Window → General → Loom Doctor is the first stop when something isn’t working. It runs a series of self-checks and reports green / yellow / red for each. This page is the reference for what each check means.

Native plugin loaded

What it checks: That the native plugin loaded successfully for your platform.

Red means: Either the Unity package doesn’t include a native binary for your platform, or Unity failed to load the one that’s there.

Fix: Reinstall the Unity package, then restart Unity. If the problem persists, your platform may not be supported in this release — see the Install page for supported platforms.

ABI version match

What it checks: That the native plugin and the C# package are from the same Loom release.

Red means: They’re from different releases — your install is inconsistent.

Fix: Delete <Project>/Library/PackageCache/com.loomgui@*/ and restart Unity. The package will reinstall on the next launch.

WS port bound

What it checks: That the native plugin’s WebSocket server has bound a port.
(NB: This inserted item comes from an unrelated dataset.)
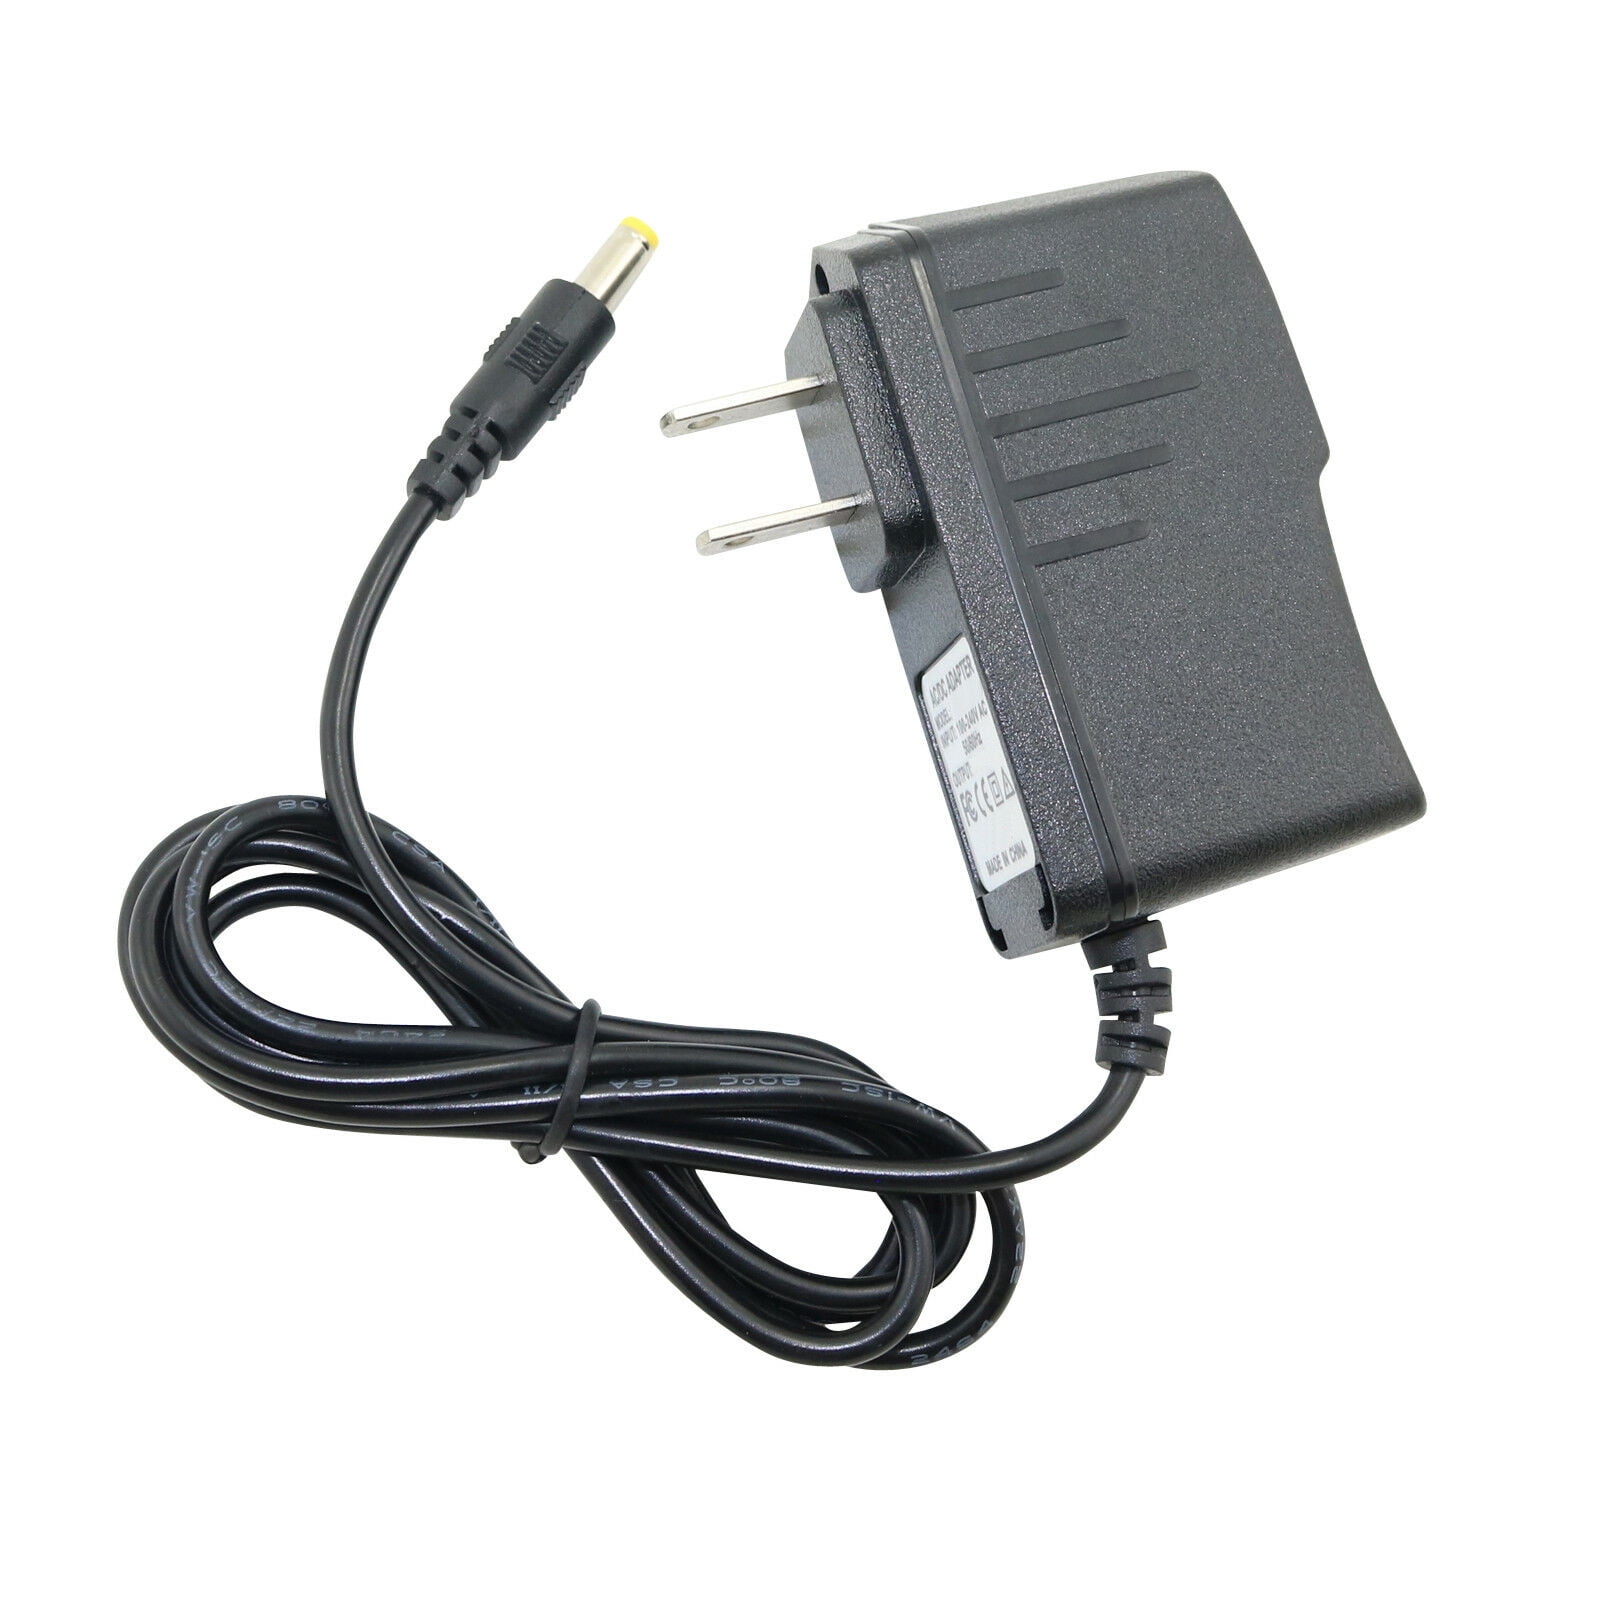 AC Adapter Power Supply for Rosewill RNX-EasyN400 Wireless-N Broadband Router

Red means: The native plugin failed to bind any port. Likely a system- level problem (firewall, sandbox).

Fix: Check the Unity Editor log (Console → … → Open Editor Log) for errors around plugin initialization. Restart Unity.

UI directory present

What it checks: That <ProjectRoot>/UI/ exists and contains a package.json.

Red means: No UI folder for Loom to use.

Fix: Scaffold a UI folder (Your first screen) or copy your existing Solid app to <ProjectRoot>/UI/.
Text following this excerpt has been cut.